● **Brief**:
Everything in the listing except the pictures should be written out exactly.

### Data excerpt

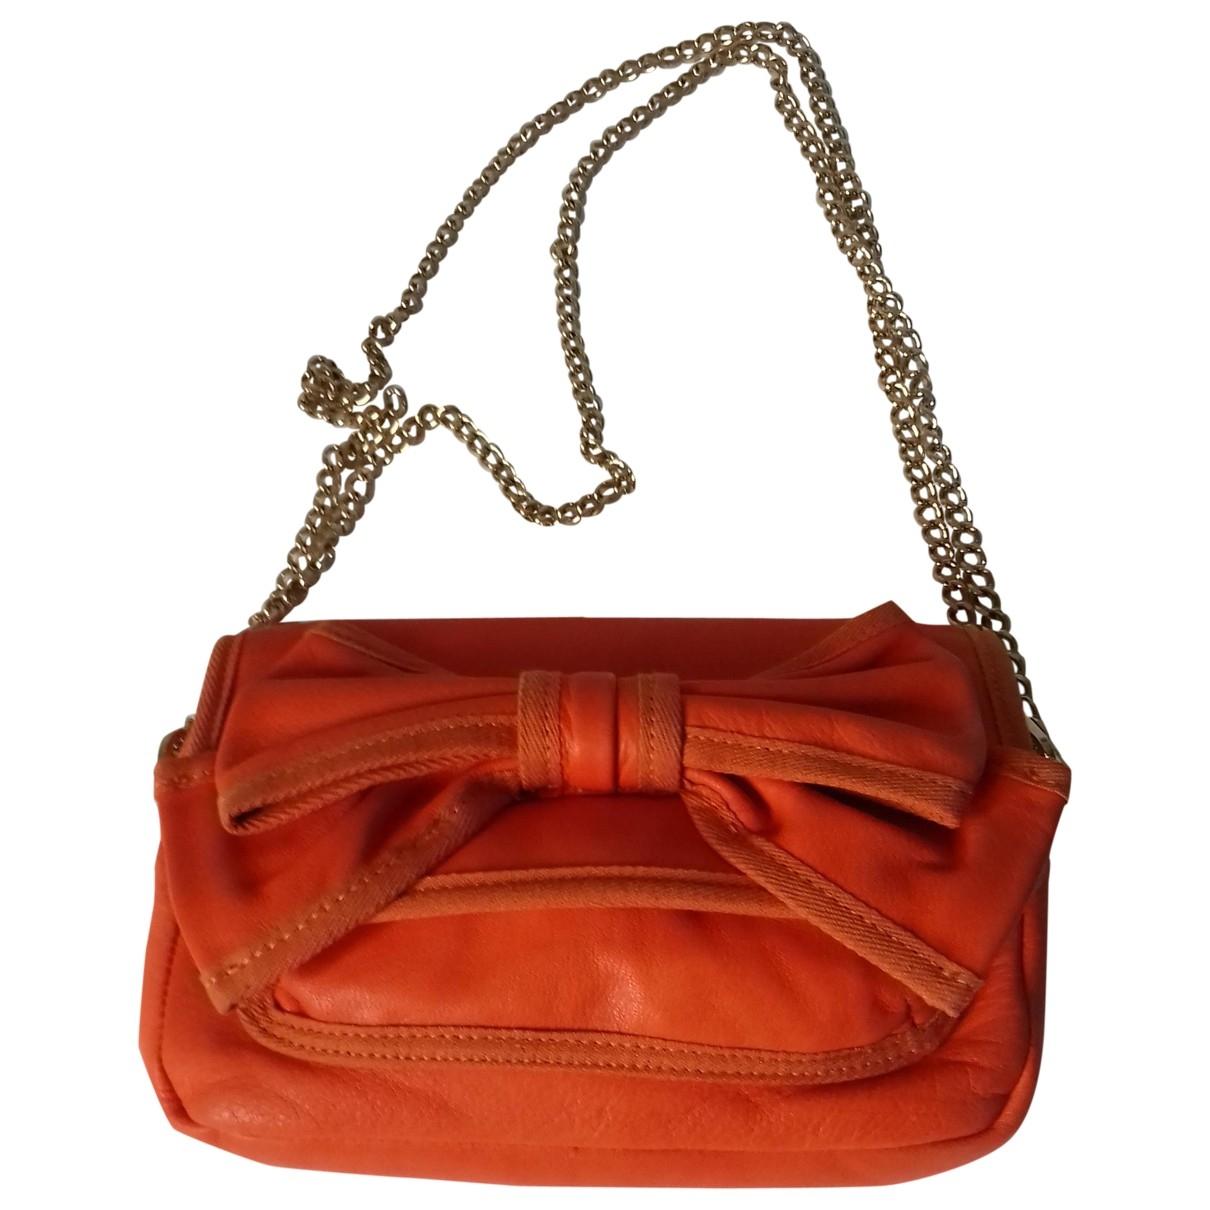 Red Valentino Garavani - Sac a main   pour femme en cuir - orange
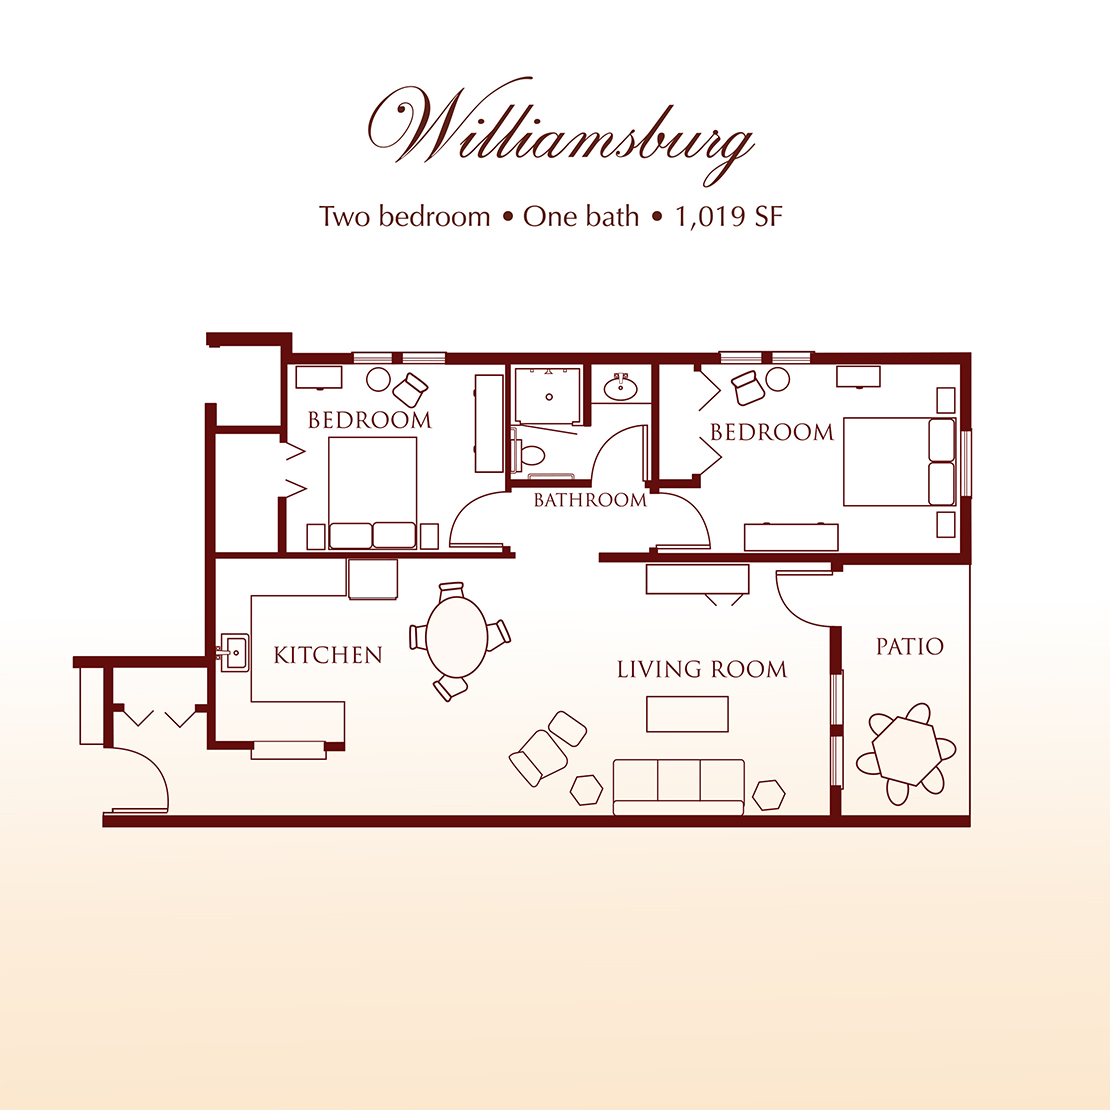 Williamsburg Two Bedroom Suite Floor Plan
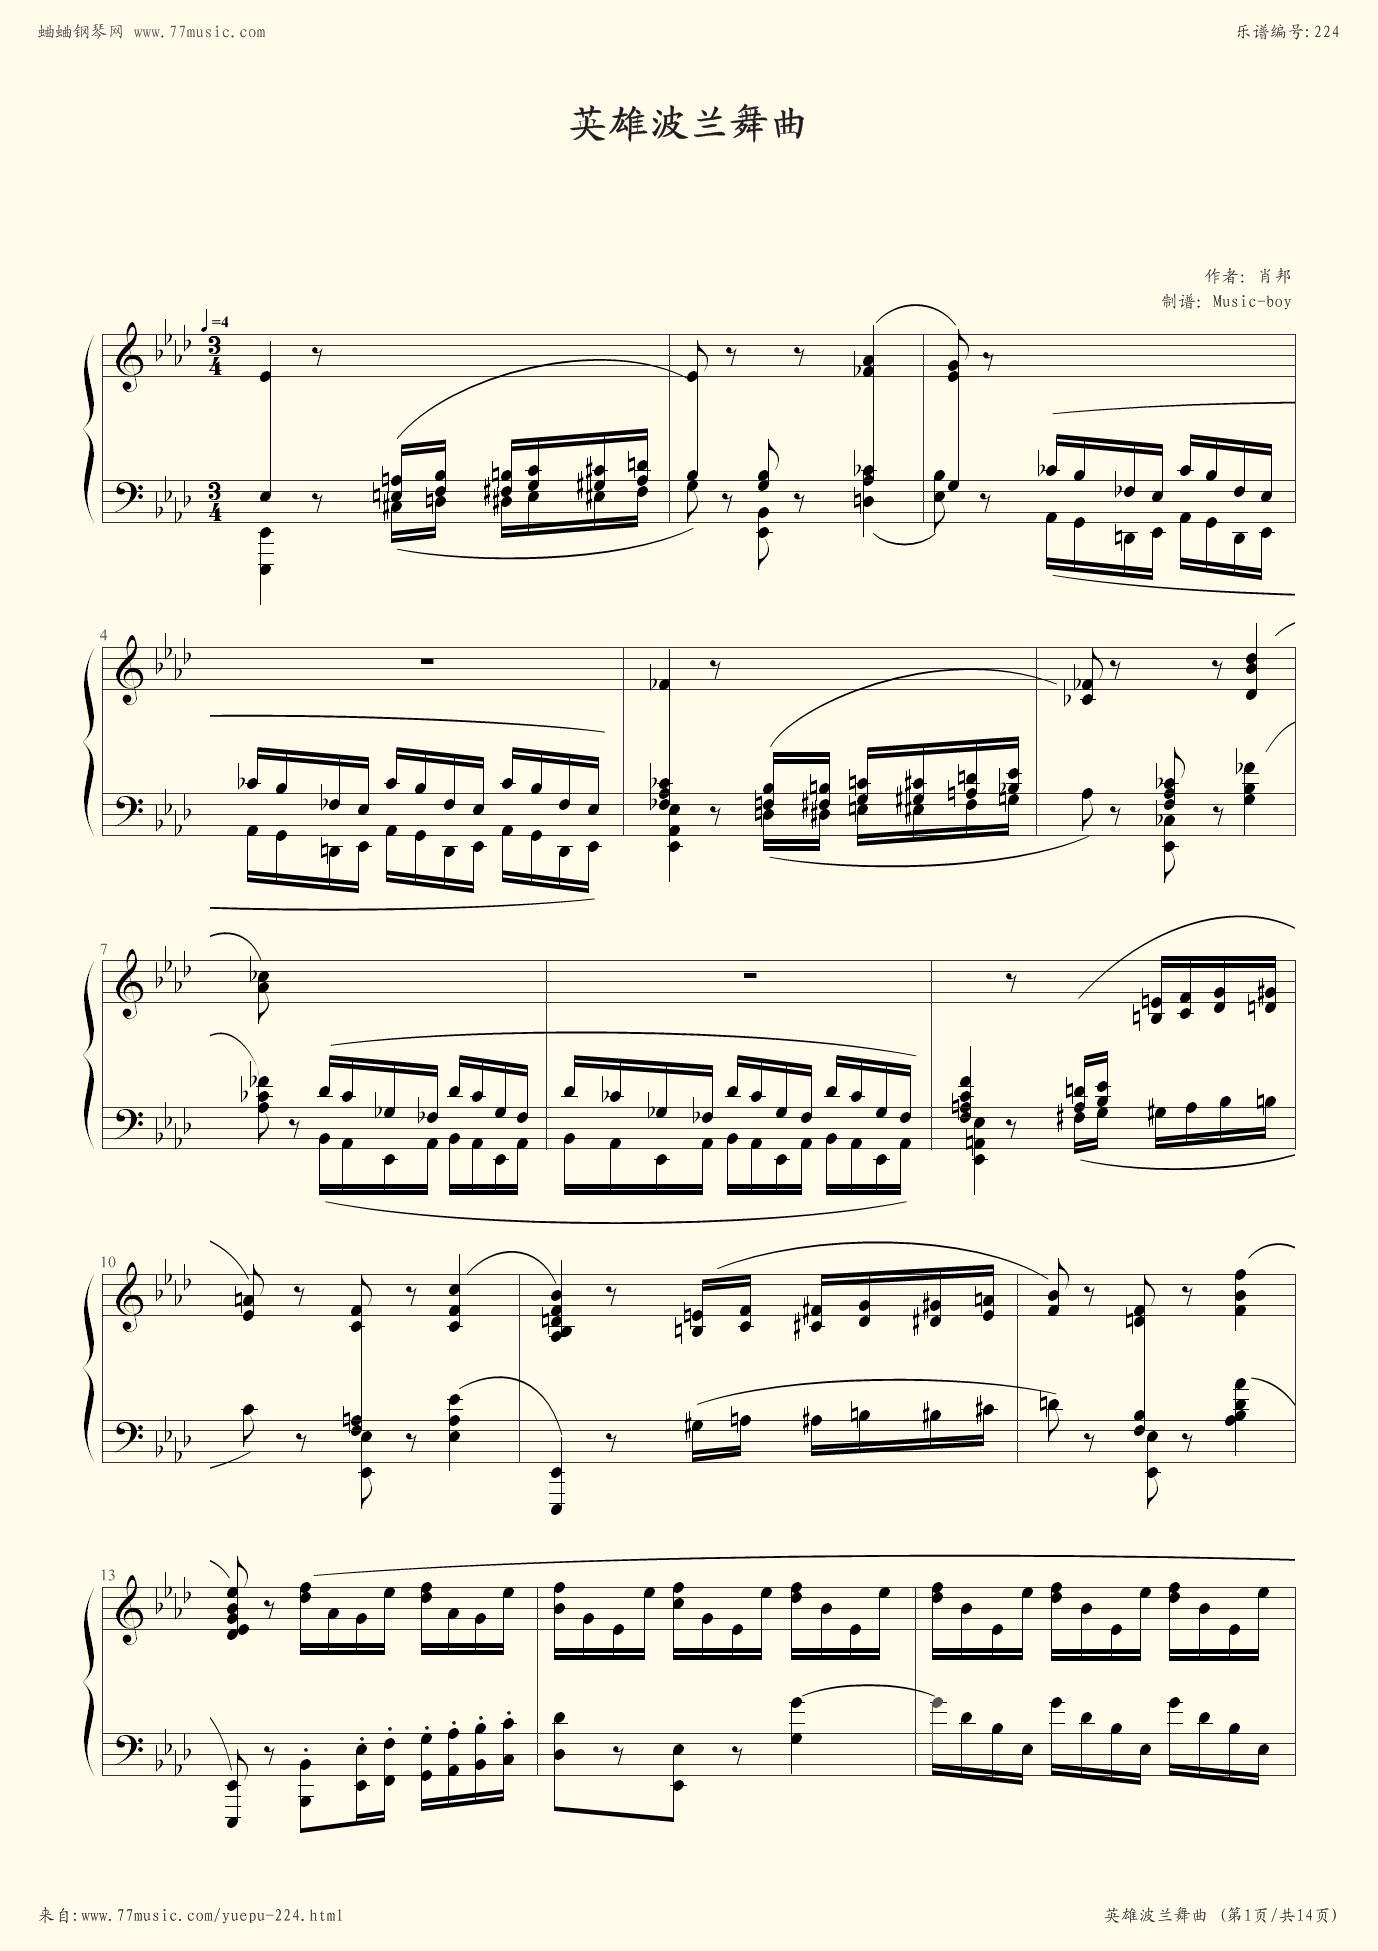 求英雄波兰舞曲曲谱(要清晰的曲谱); 虫虫网简谱虫虫钢琴网简谱 虫虫

######

● **Solution to this exercise**:
 Red Valentino Garavani - Sac a main   pour femme en cuir - orange
 Williamsburg Two Bedroom Suite Floor Plan
 求英雄波兰舞曲曲谱(要清晰的曲谱); 虫虫网简谱虫虫钢琴网简谱 虫虫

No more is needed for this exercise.